* [Your goal]: Copies of all lines containing the string "Embedded" are needed from the data below.

* [Given records]:

----

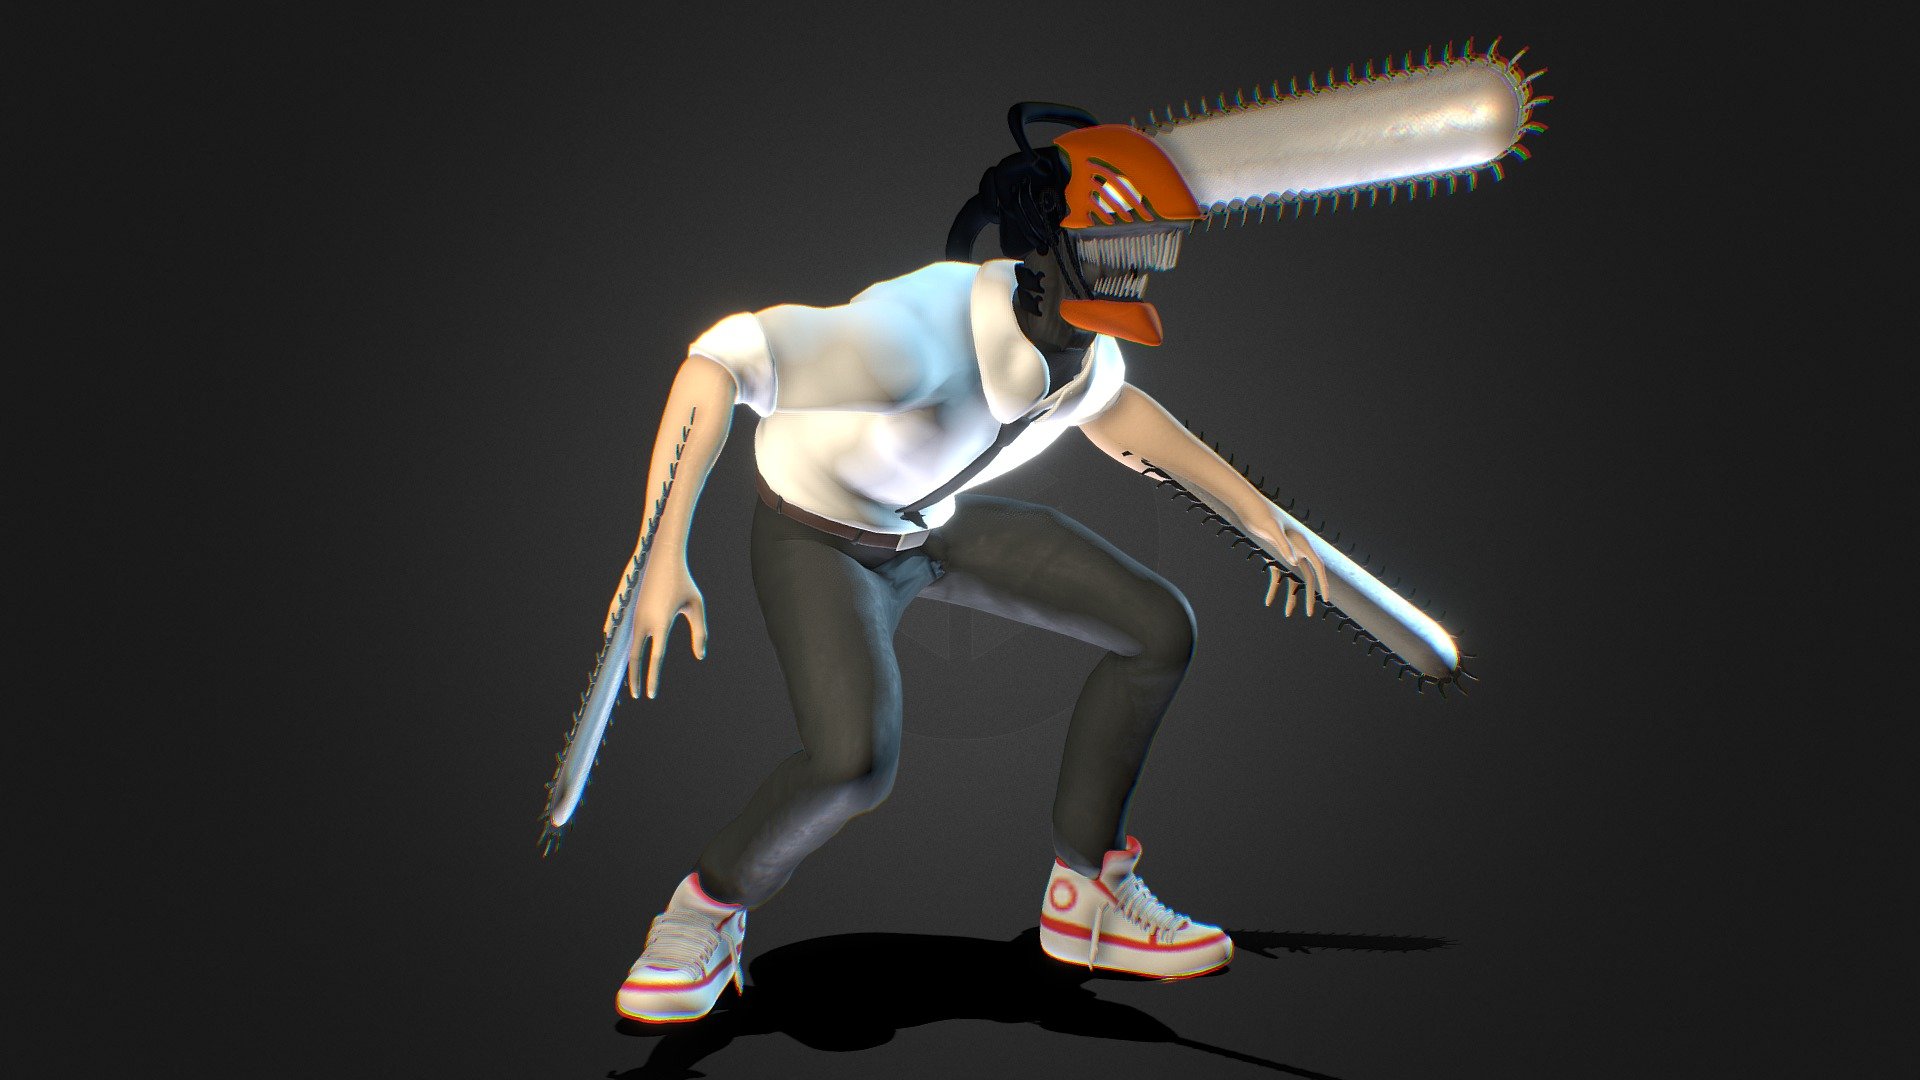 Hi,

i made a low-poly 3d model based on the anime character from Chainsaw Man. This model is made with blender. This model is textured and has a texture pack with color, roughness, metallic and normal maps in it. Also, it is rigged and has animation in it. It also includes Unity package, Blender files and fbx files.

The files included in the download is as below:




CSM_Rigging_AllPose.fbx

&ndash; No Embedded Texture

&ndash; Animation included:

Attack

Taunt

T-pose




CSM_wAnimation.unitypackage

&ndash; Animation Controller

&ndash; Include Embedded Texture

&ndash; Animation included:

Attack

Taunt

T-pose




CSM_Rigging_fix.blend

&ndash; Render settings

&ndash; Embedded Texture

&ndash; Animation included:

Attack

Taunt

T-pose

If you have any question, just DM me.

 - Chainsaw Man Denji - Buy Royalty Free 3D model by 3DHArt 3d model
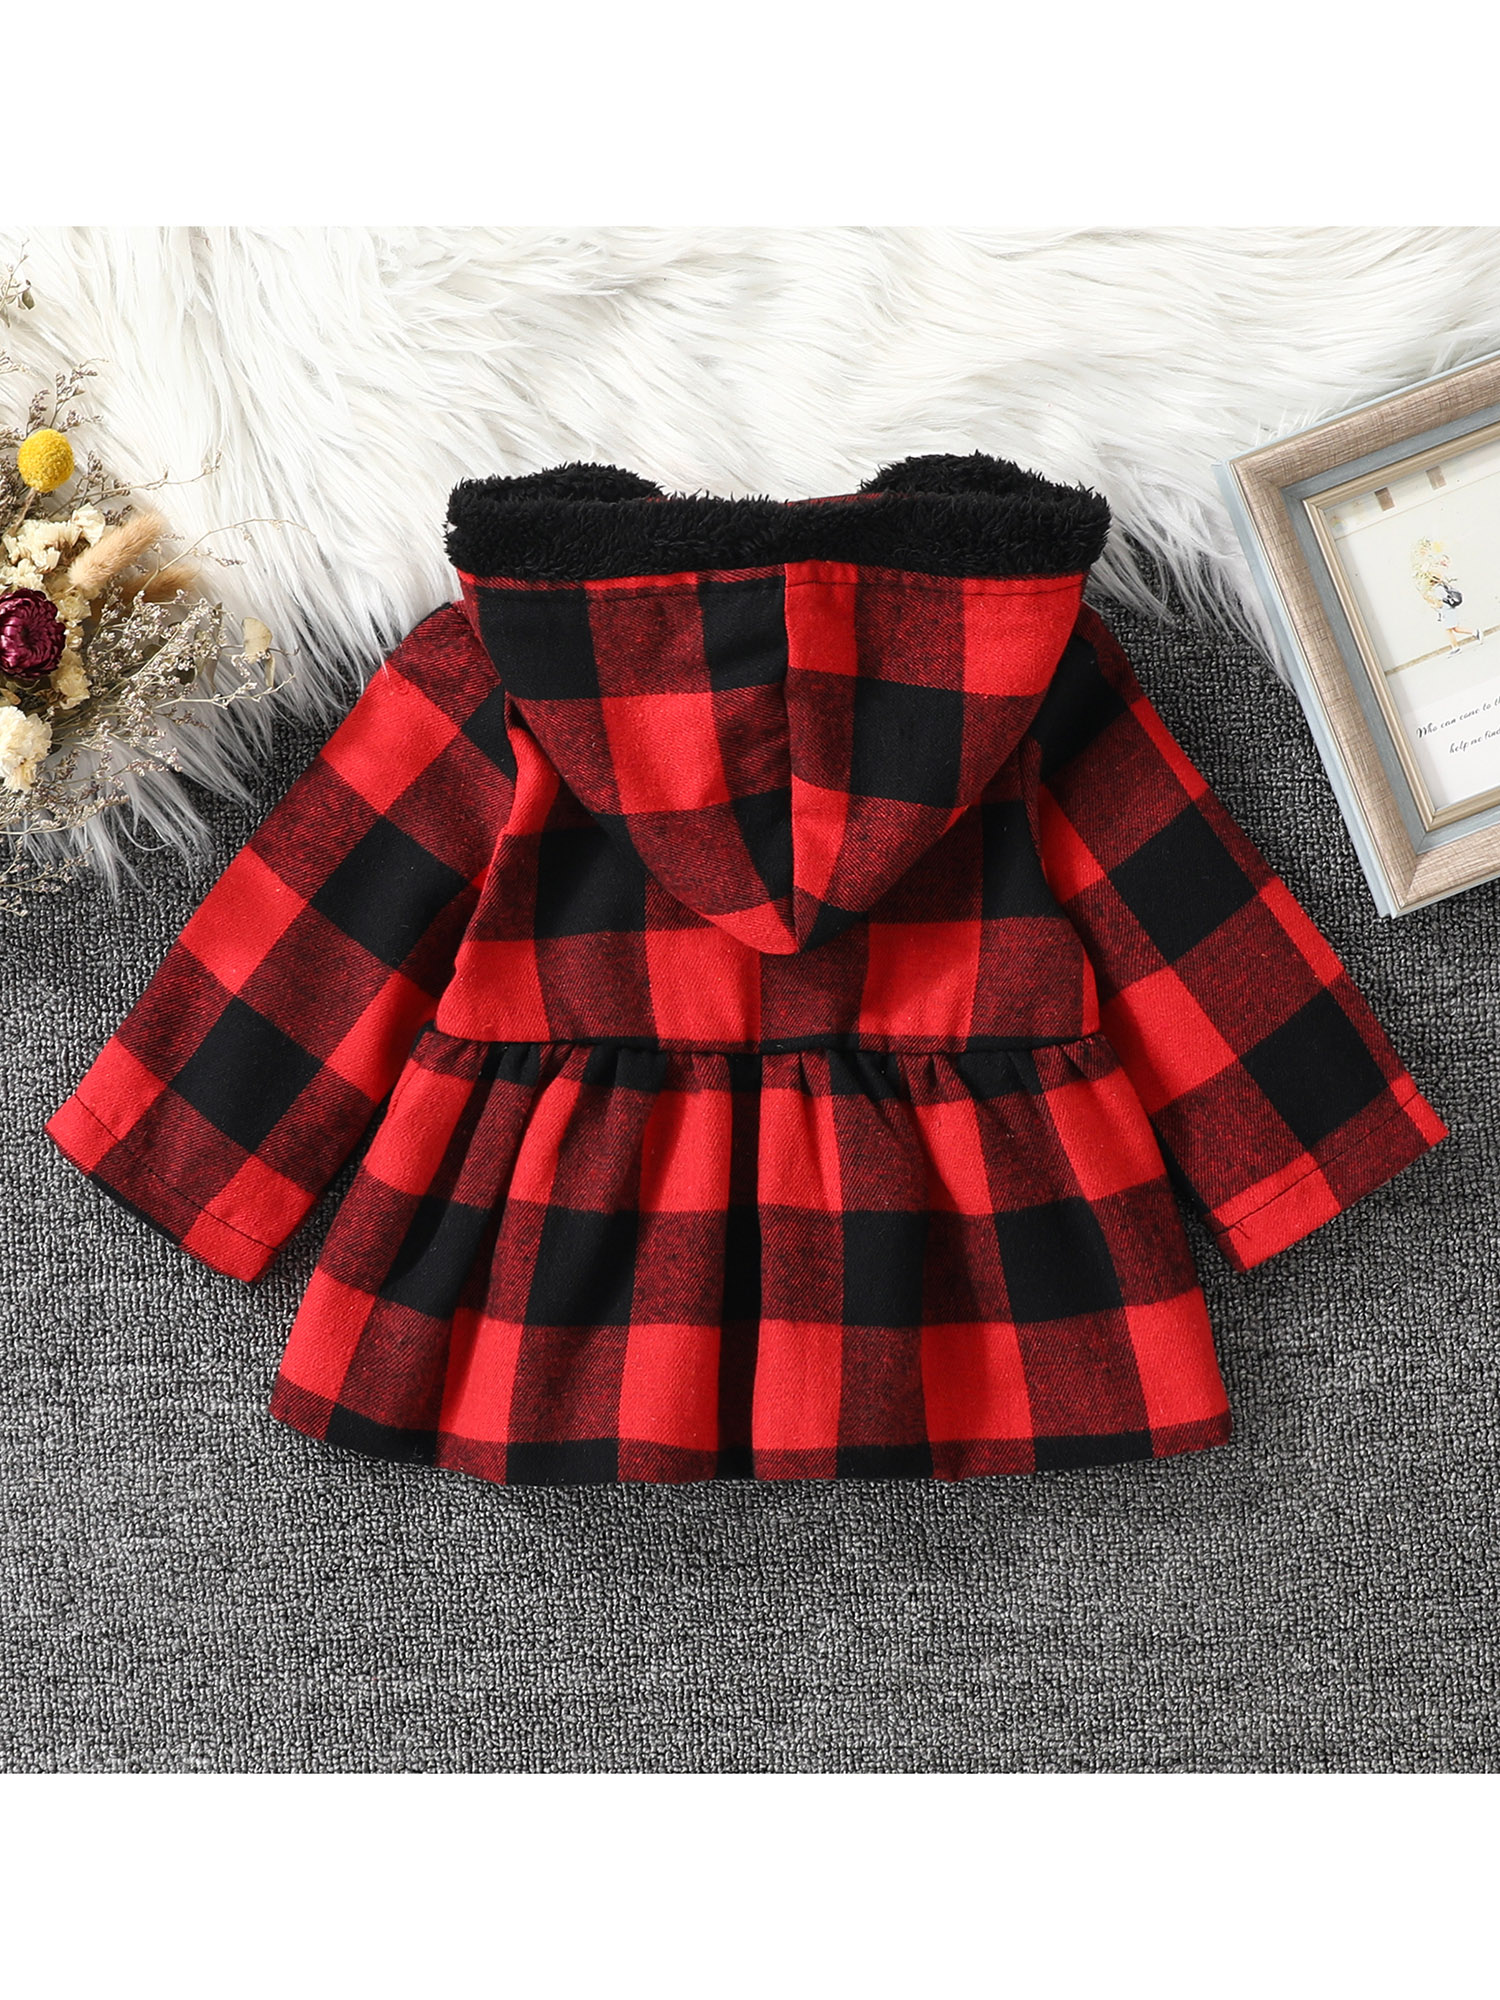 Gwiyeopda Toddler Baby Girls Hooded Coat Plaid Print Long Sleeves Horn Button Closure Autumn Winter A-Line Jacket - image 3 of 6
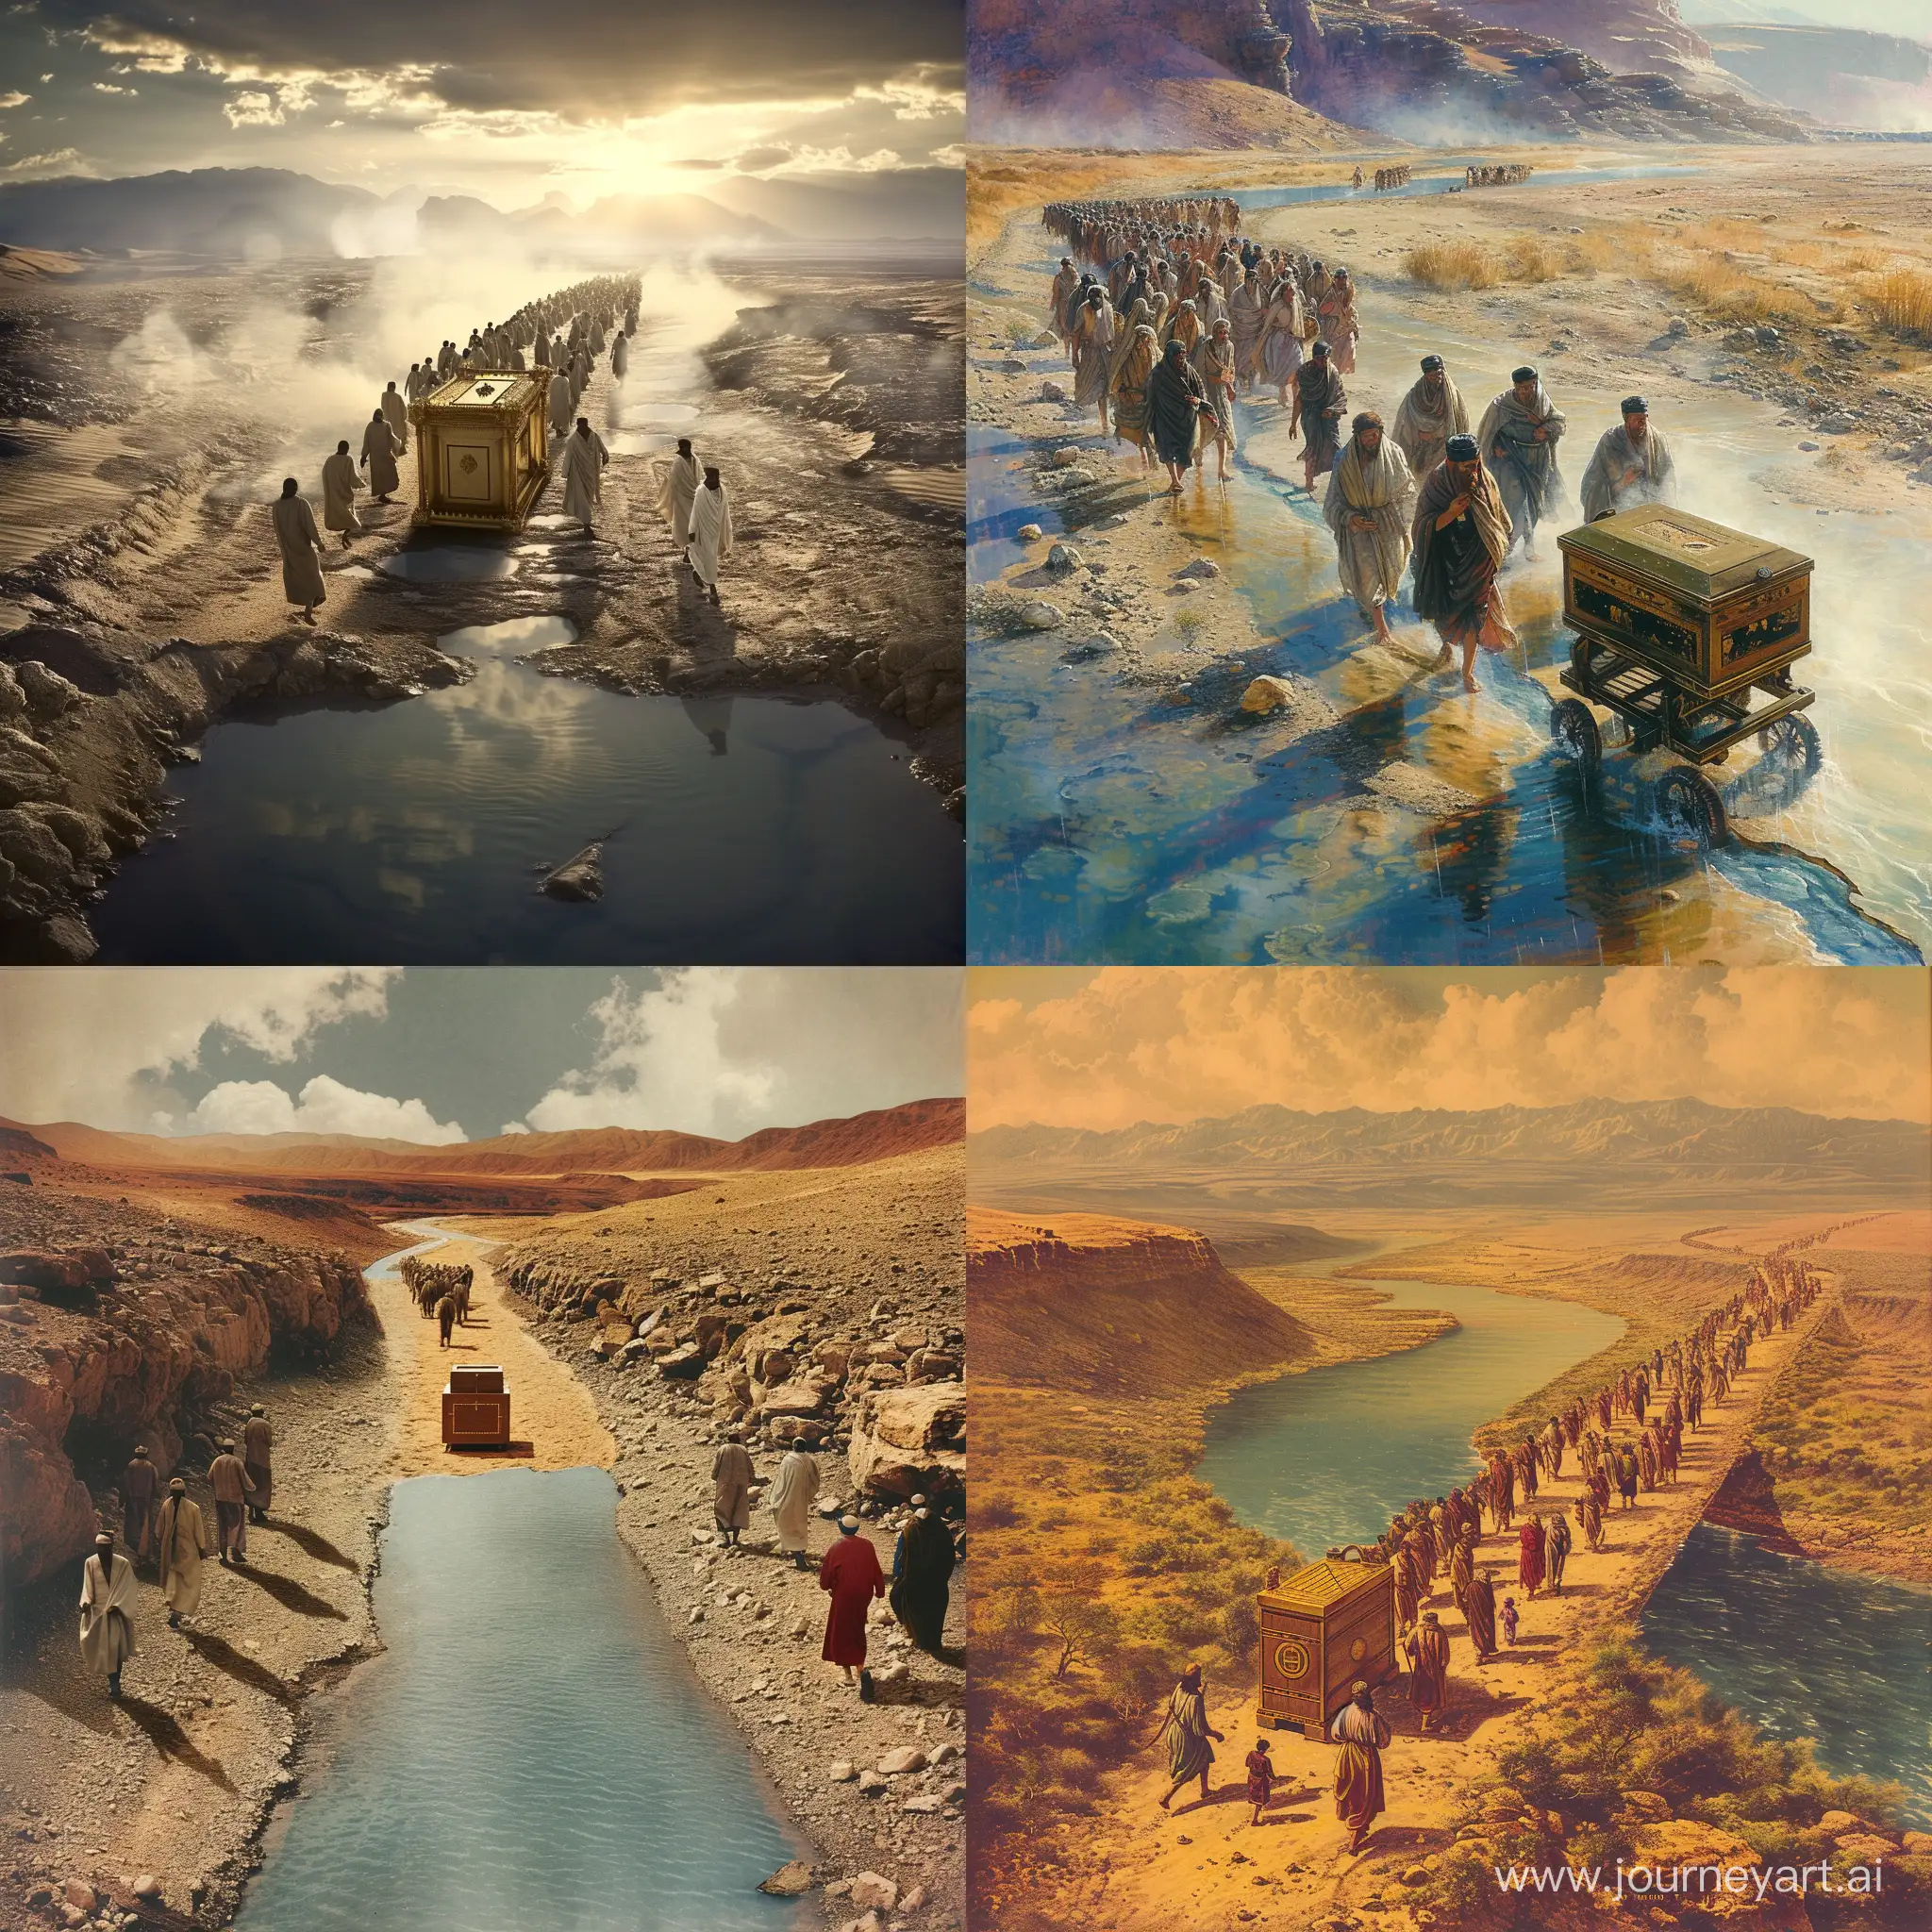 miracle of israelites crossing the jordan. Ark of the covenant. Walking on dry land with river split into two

----

* [Response area]:
&ndash; No Embedded Texture
&ndash; Include Embedded Texture
&ndash; Embedded Texture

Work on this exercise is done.